From the collections at the Leavenworth County Historical Society and Museum. Reprinted with permission from The Leavenworth County Historical Society and Museum and the Leavenworth Times. Donated by Debra Graden.
Henry J. Helmers, Jr., 81, head of the Helmers Manufacturing Company and widely known industrialist and business man, died last night at Passavant Hospital, Chicago, after an illness of about two weeks. Relatives received word of his death during the night.
Mr. Helmers' illness began about two weeks ago, following his arrival in Chicago to attend a meeting of the National Furniture Mart. He had been accompanied to Chicago by a brother, Ed Helmers, and a nephew, William H. Helmers, both of Kansas City.

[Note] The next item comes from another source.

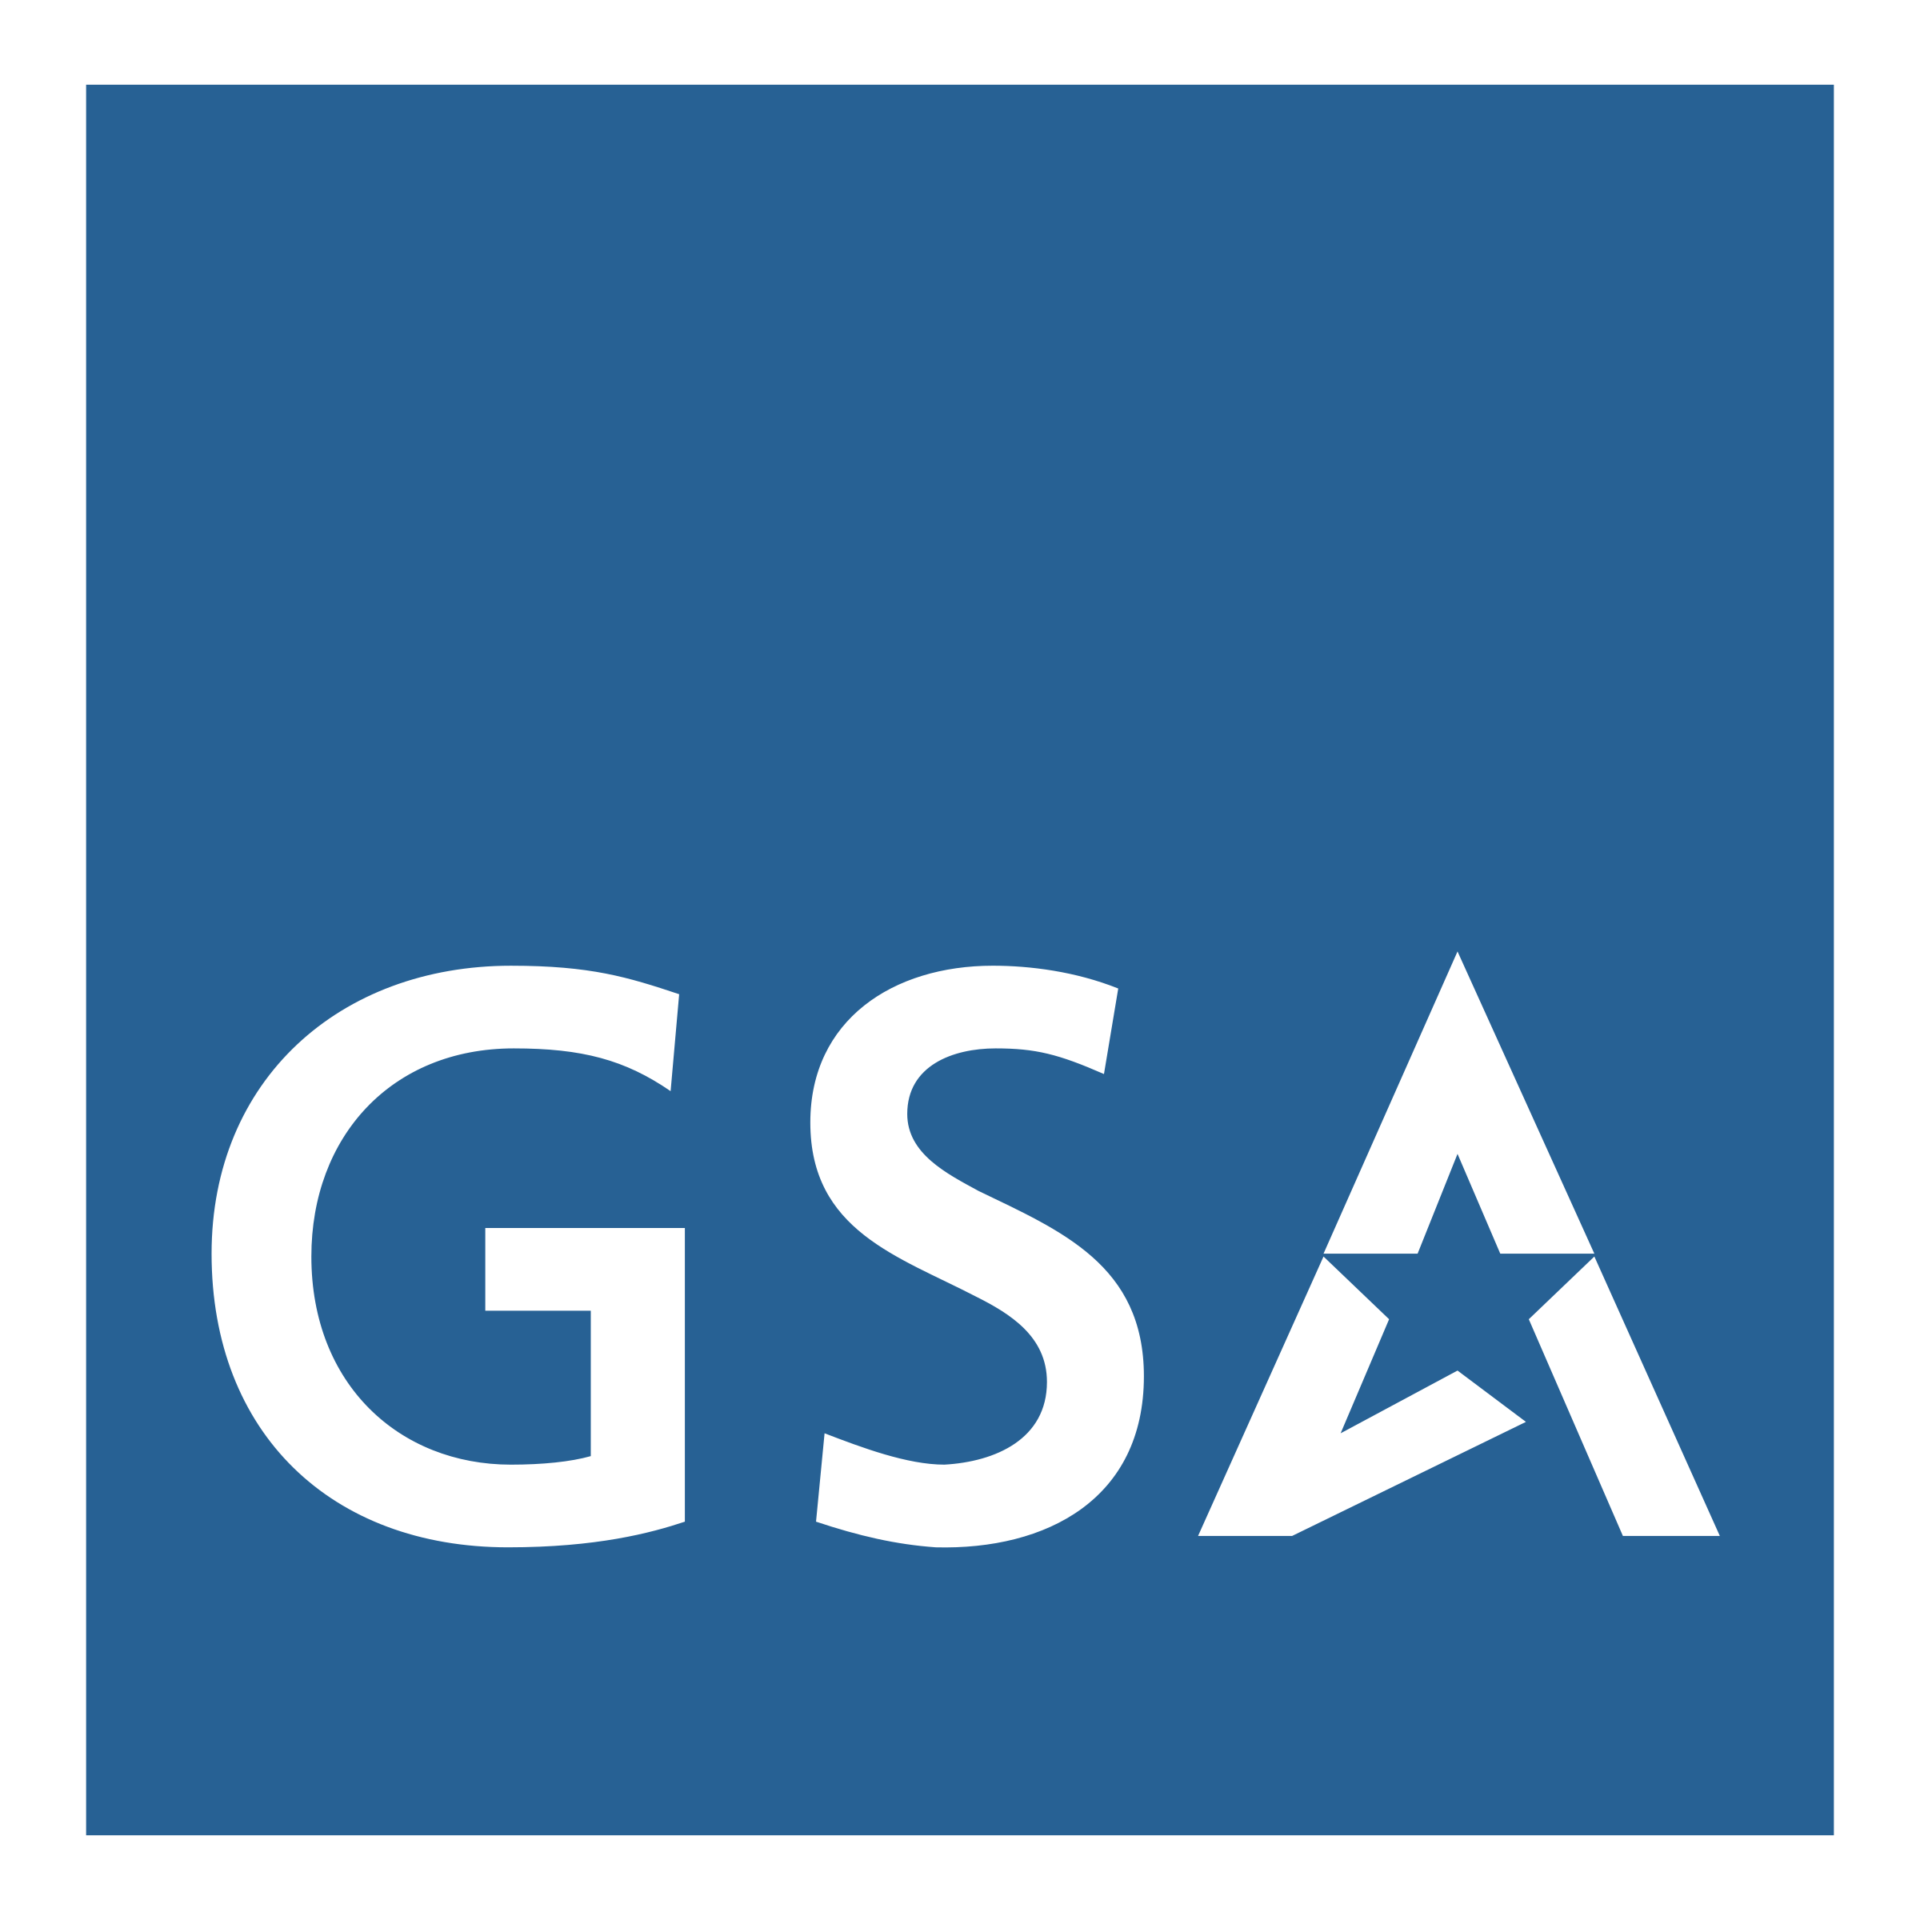 Logo of the General Services Administration (GSA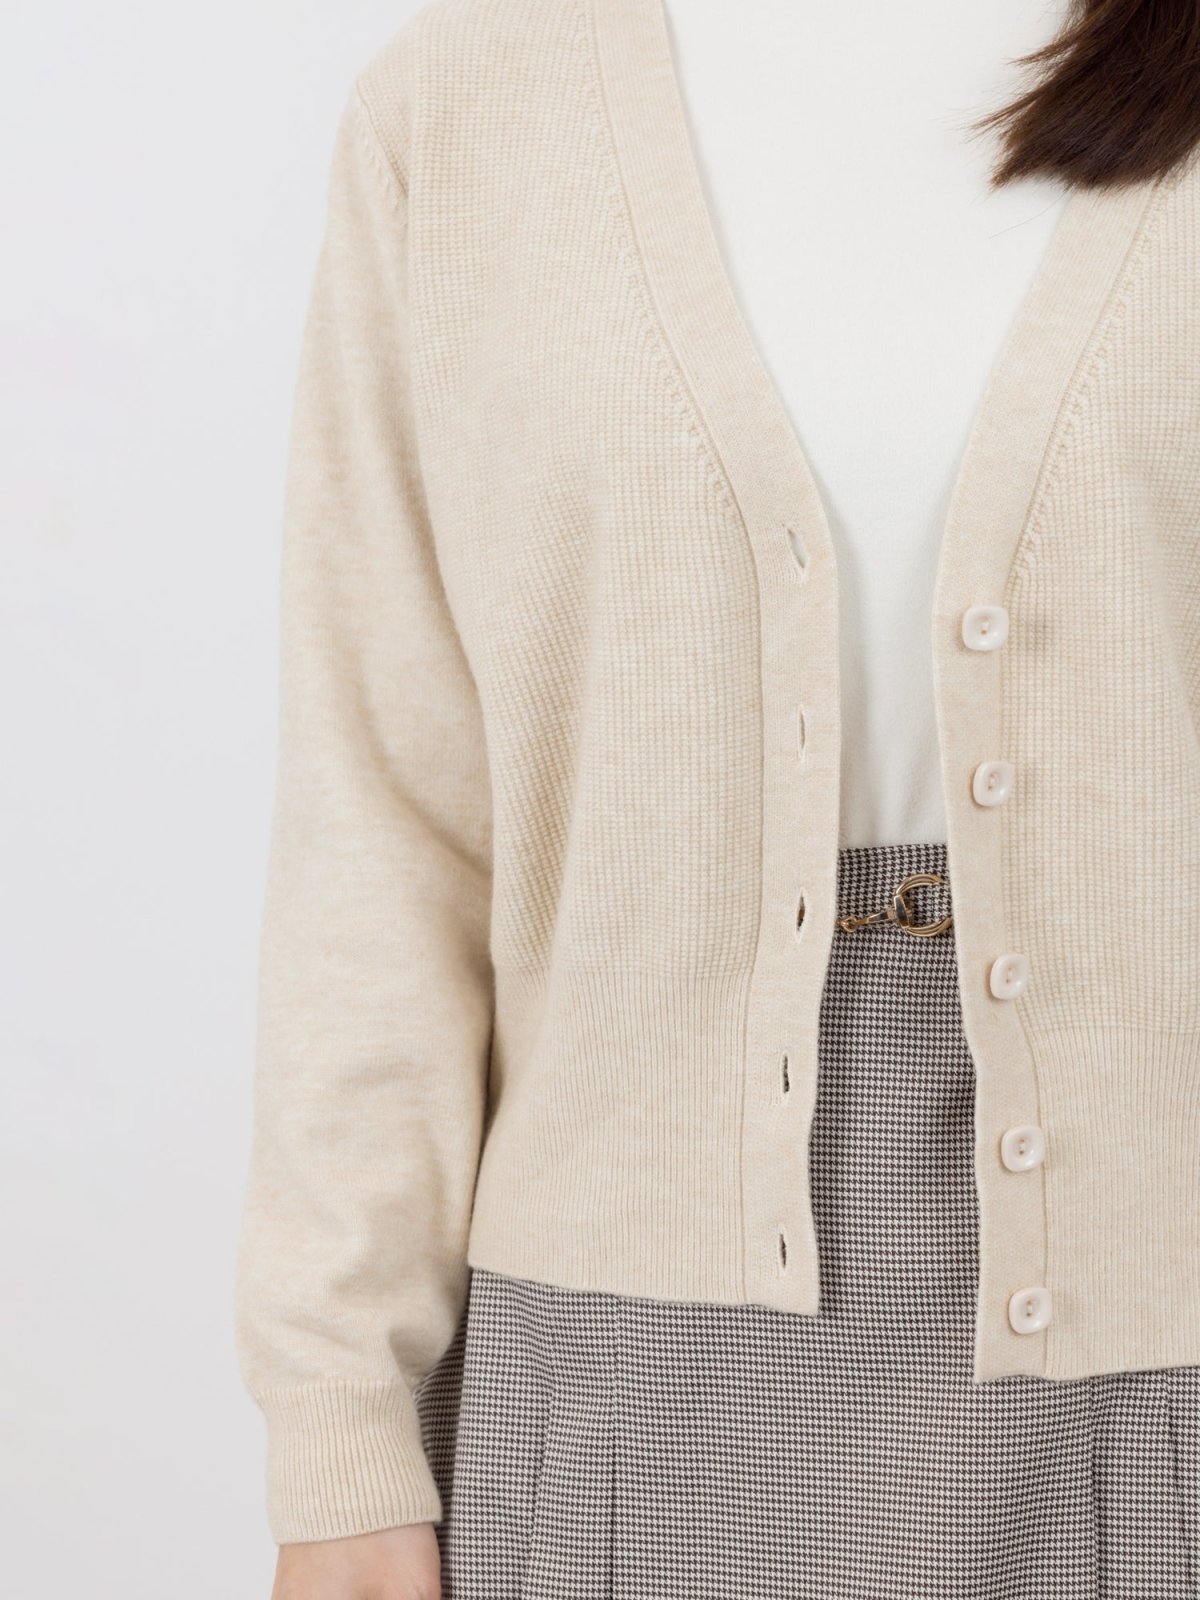 Quincy V-neck Knitted Cardigan - DAG-G-9639-22AlmondF - Almond Cream - F - D'ZAGE Designs

Upon being stricken he was removed from his hotel to the hospital and for the last several days little if any hope had been held out for his recovery. Tentative plans had been made that if his condition would permit he would be flown to his home here.
Mr. Helmers was born in Leavenworth November 6, 1867, the eldest son of Henry, Sr., and Pauline Helmers. The name of Helmers has been associated with Leavenworth since 1858.
In that year Henry Helmers, Sr., came to Leavenworth from Herman, Mo. He was of strong German ancestry. Engaging in the barber business he soon opened a barber supply company. From that small beginning there grew the Helmers Manufacturing Company. In later years the Helmers home was at 501 South Broadway. Mr. Helmers died in 1934 at the age of 91.
First born to Mr. and Mrs. Helmers was Henry J. Helmers, Jr. Upon reaching maturity he entered the manufacturing business established by his father and upon the retirement of his father about 40 years ago became managing head of the company and continued in that capacity until his death.
Associated with him were his brothers, Oscar Helmers, deceased; George J. Helmers, deceased; Will and Ed Helmers. All had entered the business as they completed their education.
The first Helmers store was established on the site of the old Fountain pool hall on Delaware Street with William Parmelee as a partner. Fire destroyed the business. Later Mr. Helmers, Sr., opened a furniture factory at Kansas State Prison where prisoners were hired under contract.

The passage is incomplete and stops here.